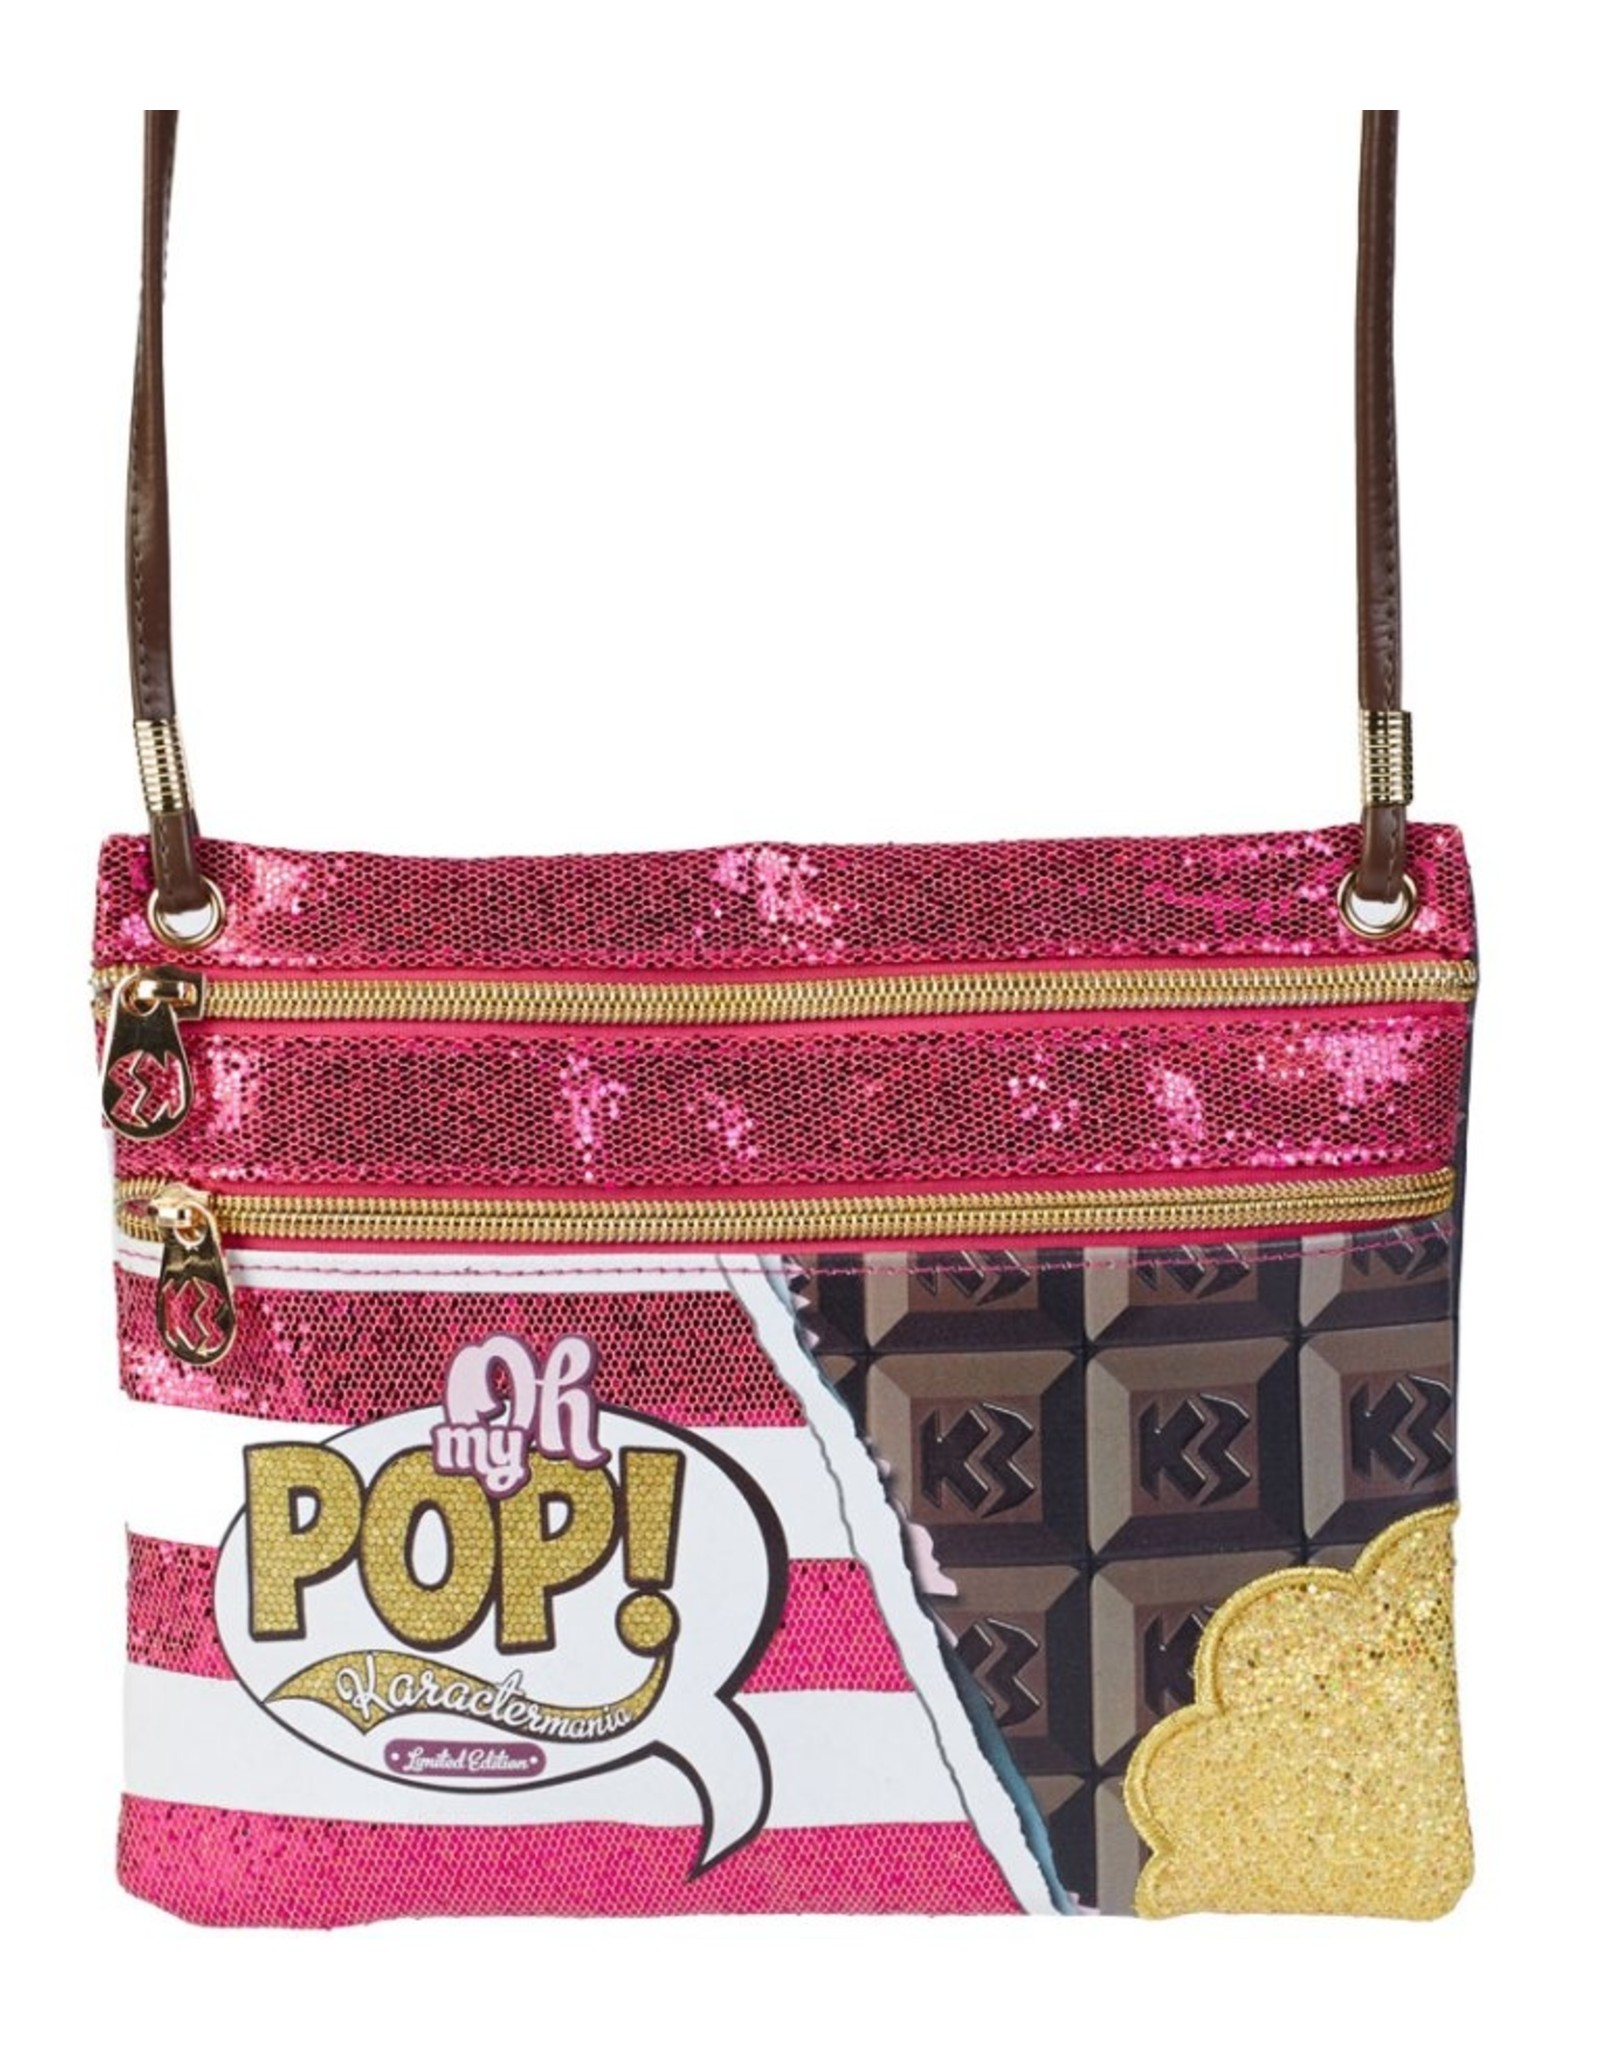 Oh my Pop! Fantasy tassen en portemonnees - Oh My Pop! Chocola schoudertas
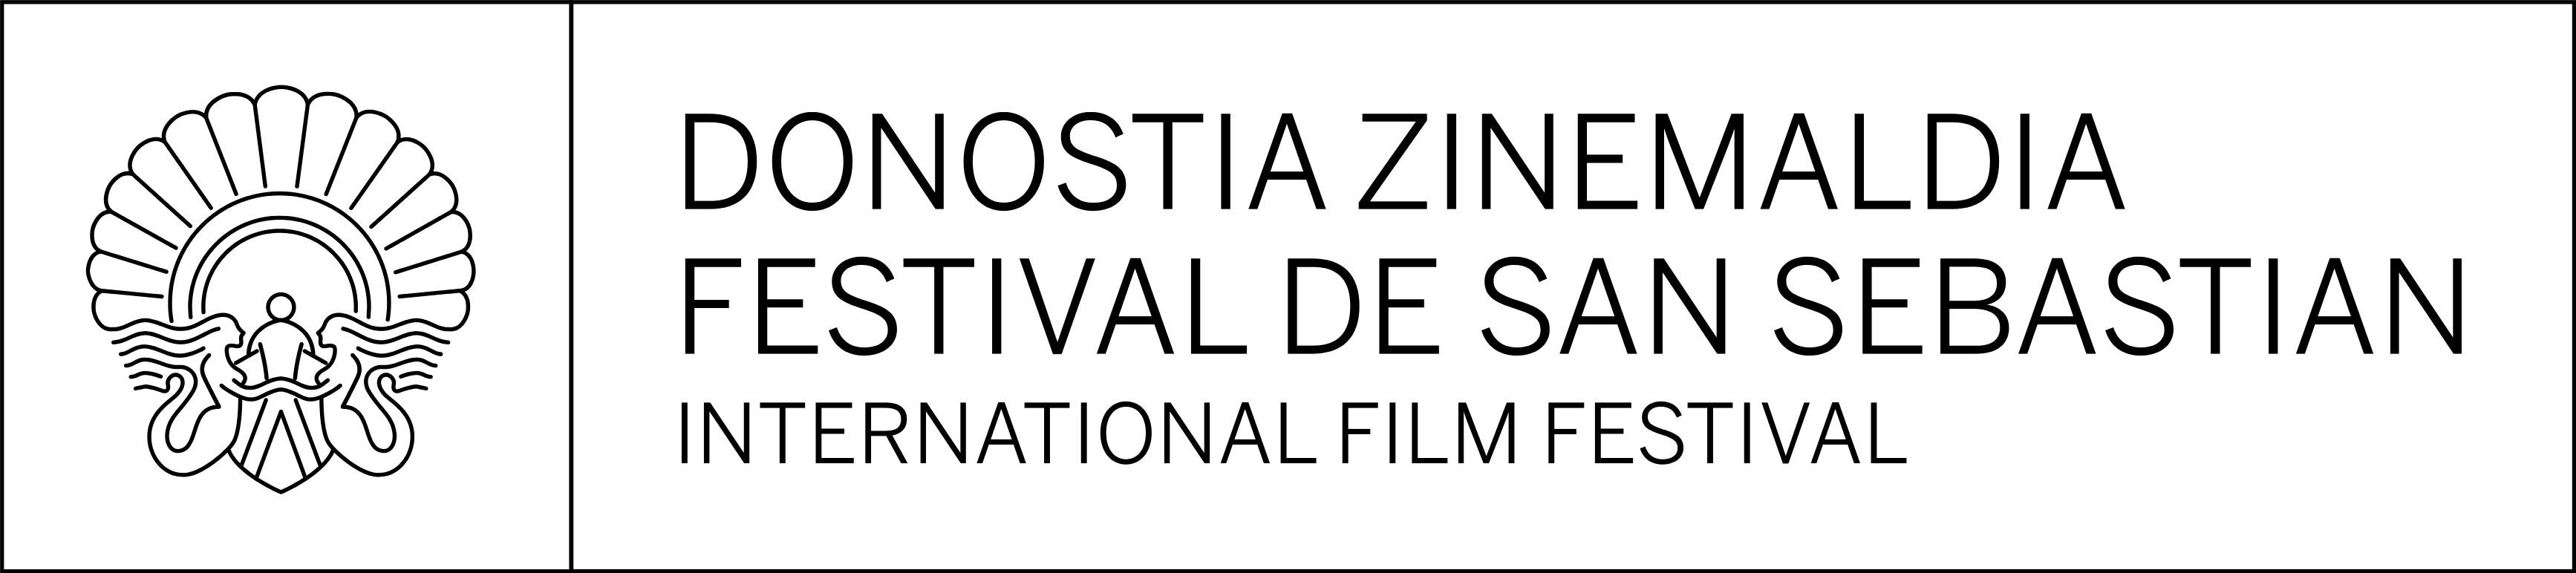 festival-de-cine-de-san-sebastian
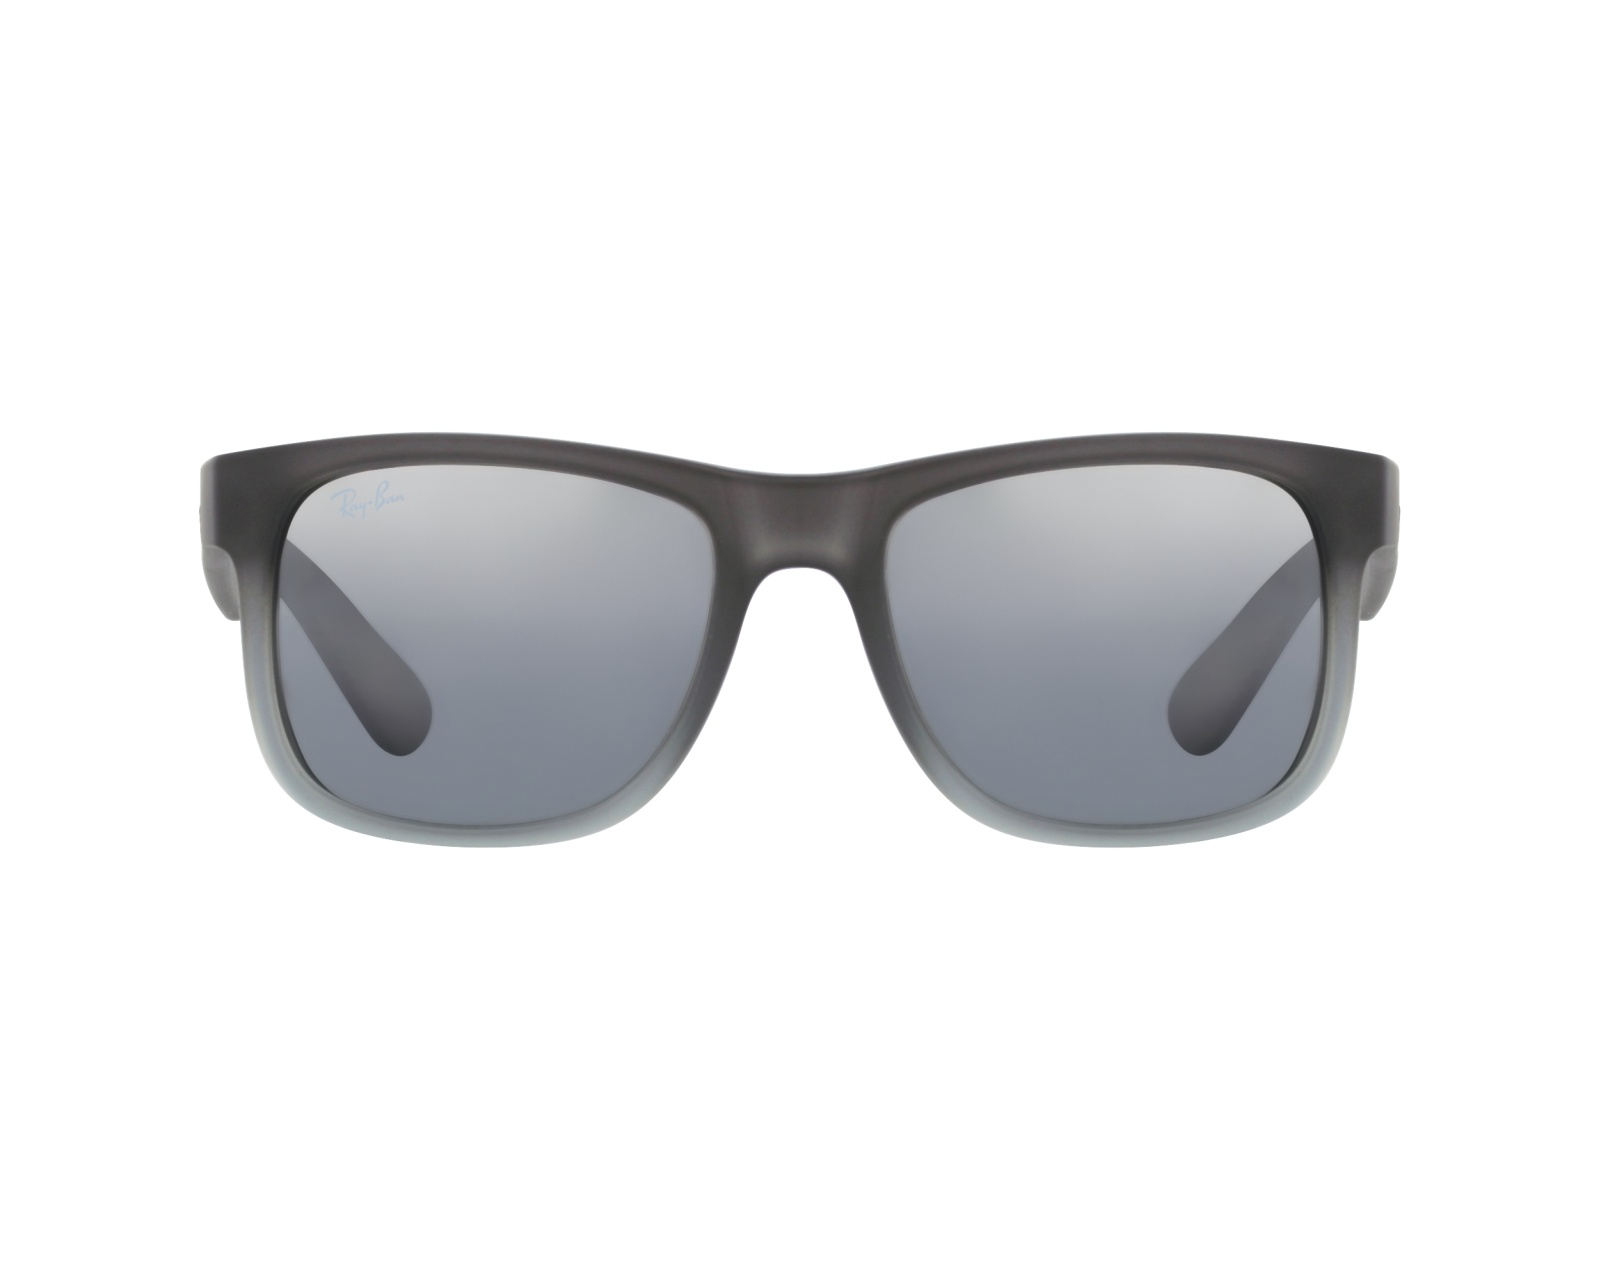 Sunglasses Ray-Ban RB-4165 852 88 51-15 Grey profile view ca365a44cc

◆ Exercise requirements ◆
Down to the last line, reproduce the material above exactly; skip its images.

◆ Answer ◆
 Oh my Pop! Fantasy tassen en portemonnees - Oh My Pop! Chocola schoudertas
 festival-de-cine-de-san-sebastian
 Sunglasses Ray-Ban RB-4165 852 88 51-15 Grey profile view ca365a44cc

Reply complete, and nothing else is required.